[EXERCISE DETAILS]:
Write out the data below exactly as given, without any of its pictures.

***** DATASET EXTRACT

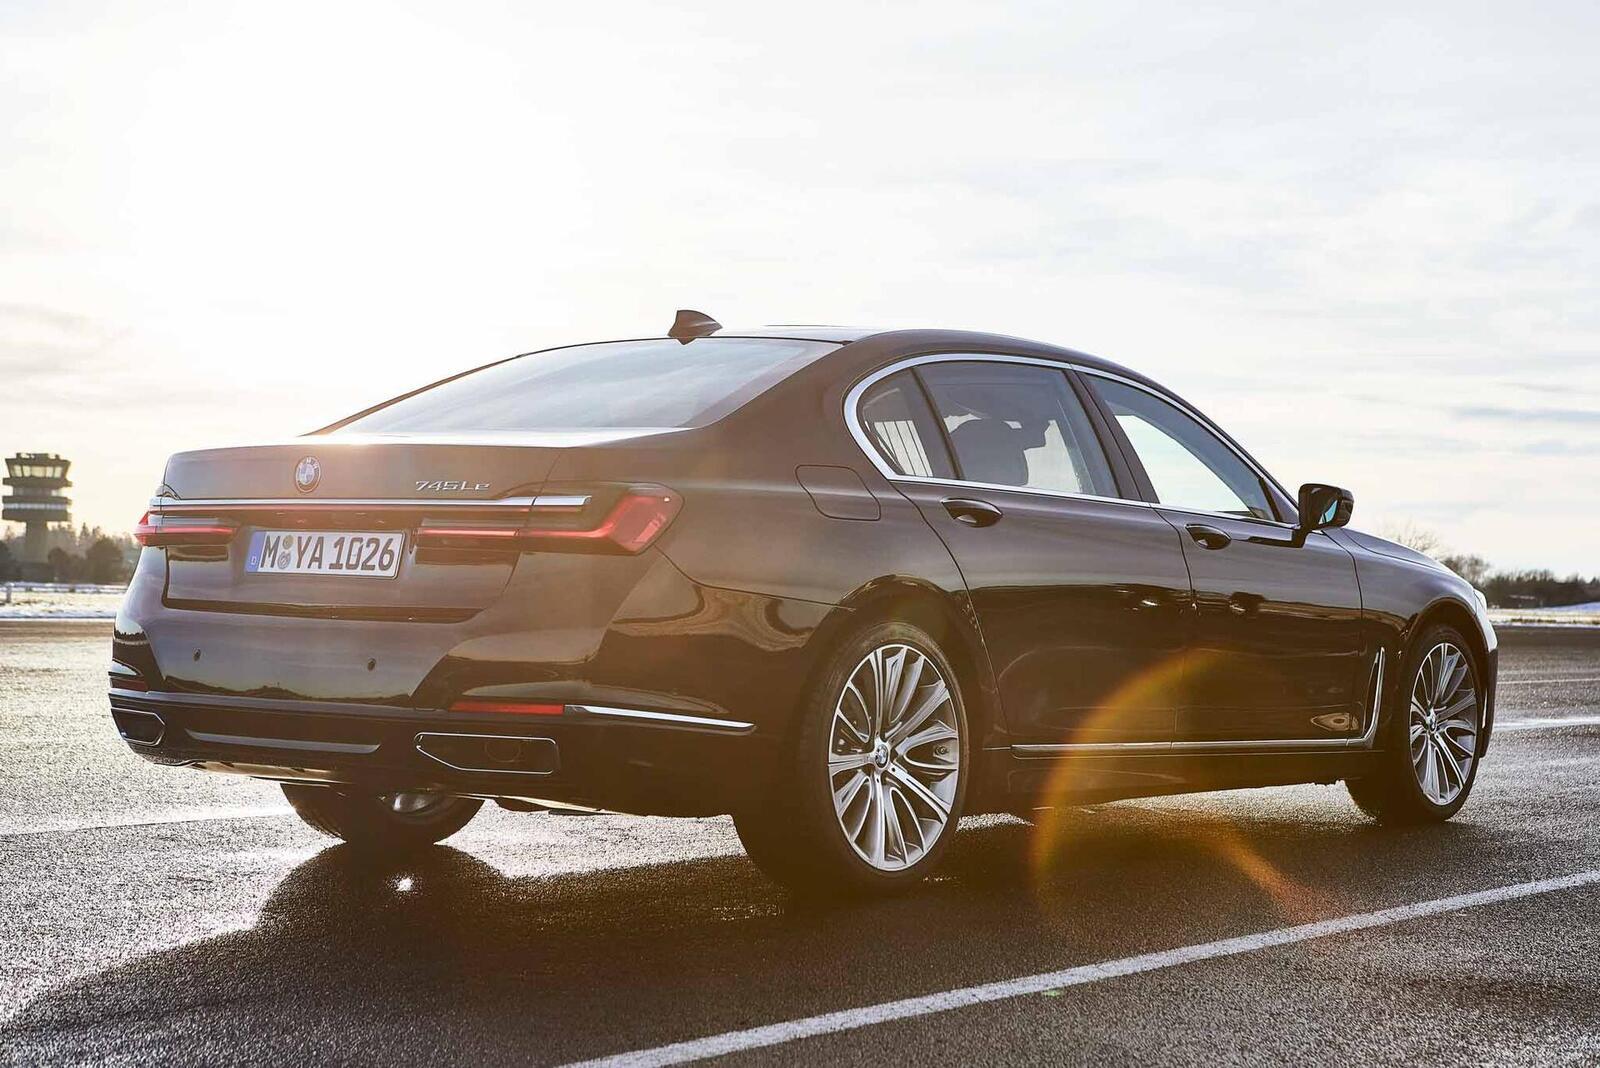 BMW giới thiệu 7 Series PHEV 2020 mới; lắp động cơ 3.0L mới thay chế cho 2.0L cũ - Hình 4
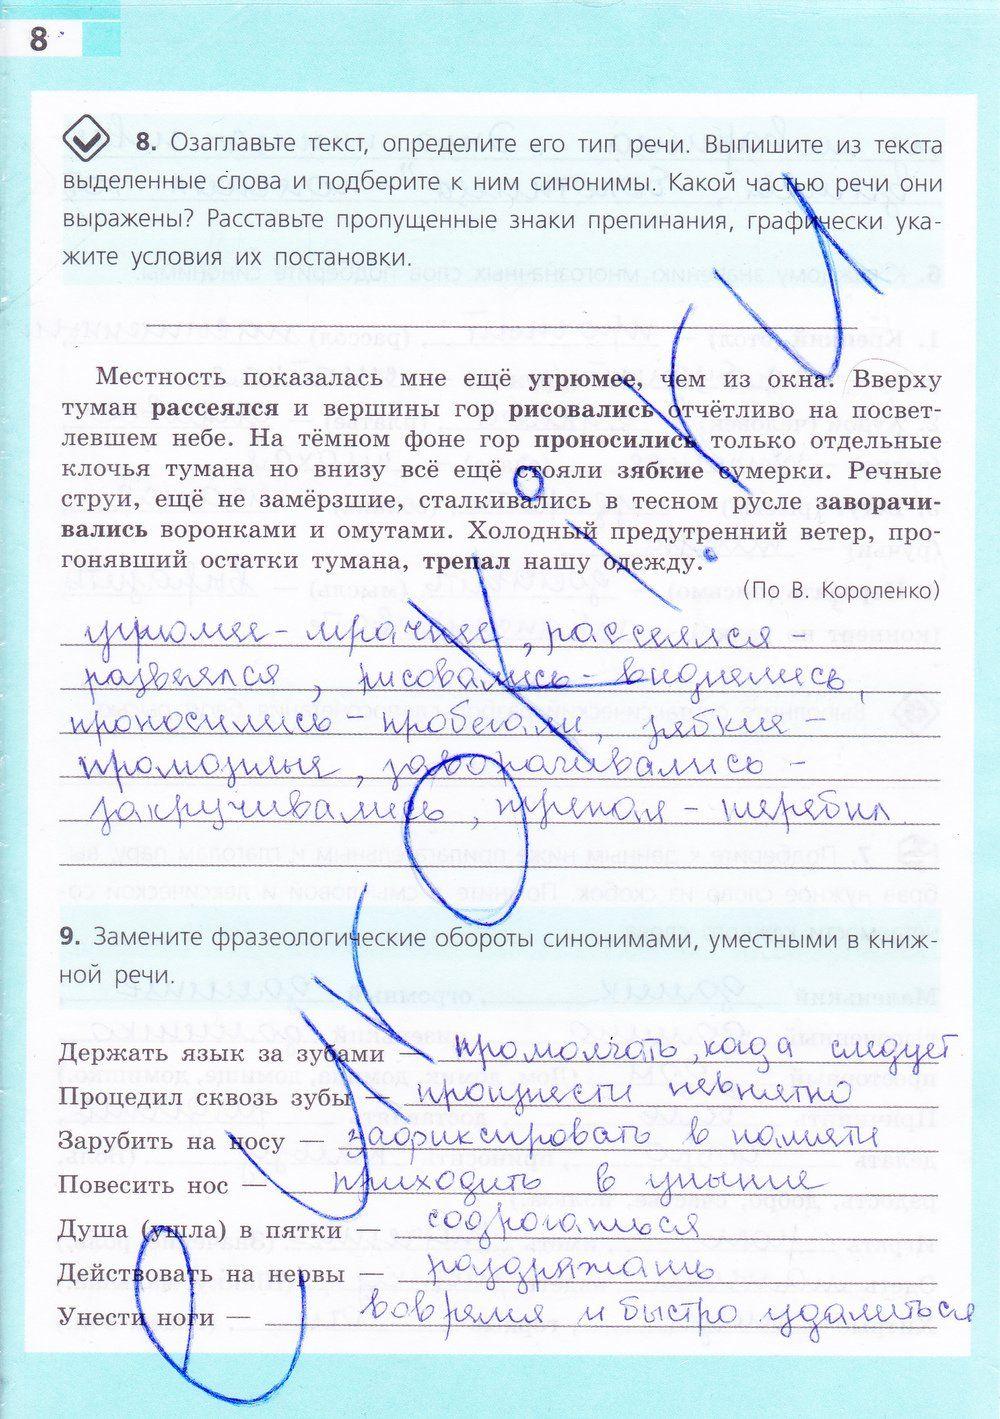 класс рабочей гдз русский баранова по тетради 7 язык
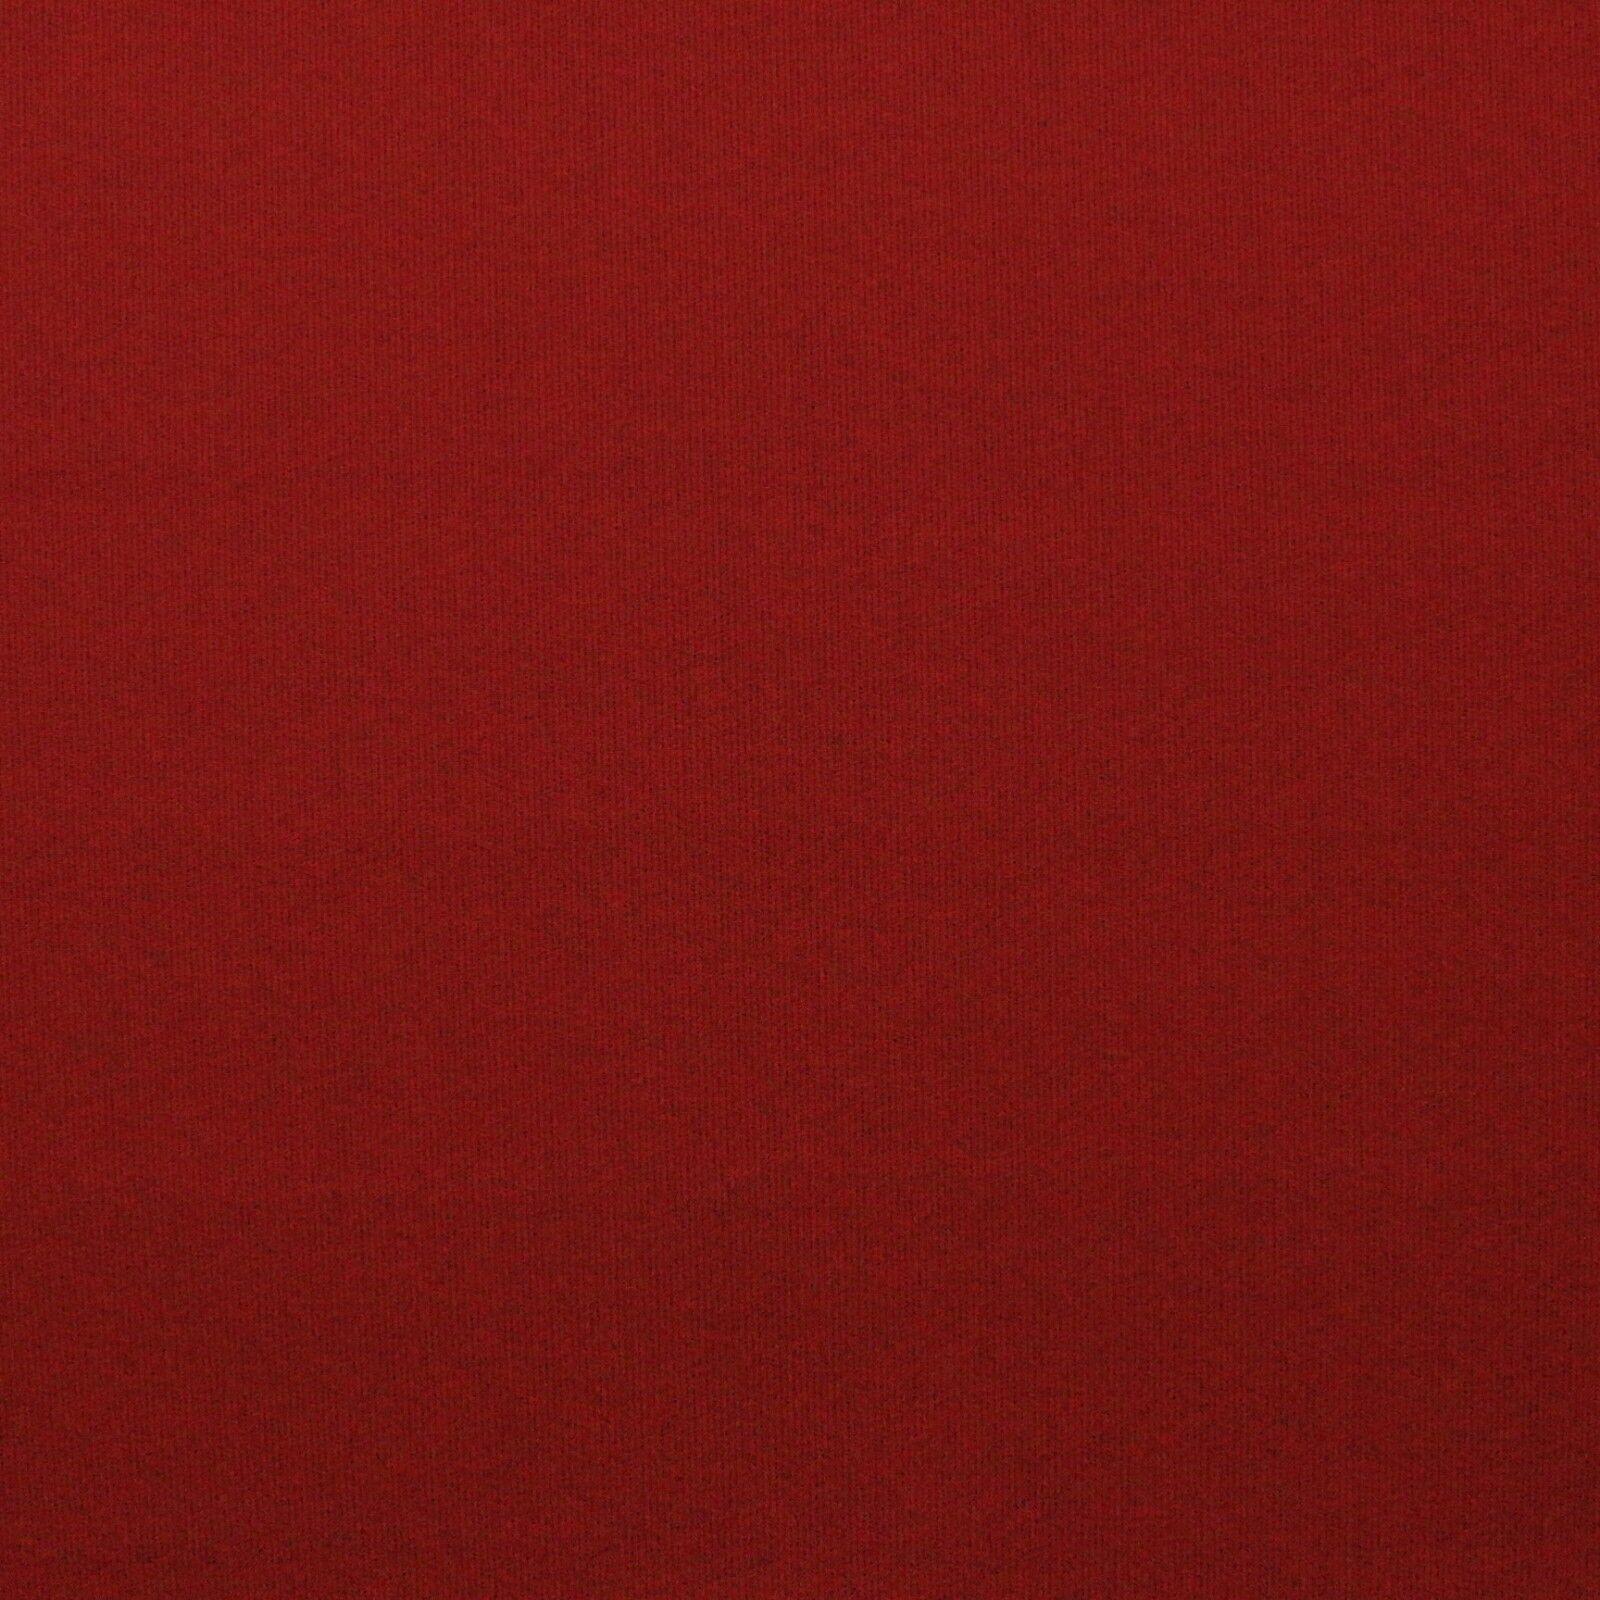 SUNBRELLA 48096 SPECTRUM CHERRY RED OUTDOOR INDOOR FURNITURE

**********

[SOLUTION]:
 BMW giới thiệu 7 Series PHEV 2020 mới; lắp động cơ 3.0L mới thay chế cho 2.0L cũ - Hình 4
 класс рабочей гдз русский баранова по тетради 7 язык
 SUNBRELLA 48096 SPECTRUM CHERRY RED OUTDOOR INDOOR FURNITURE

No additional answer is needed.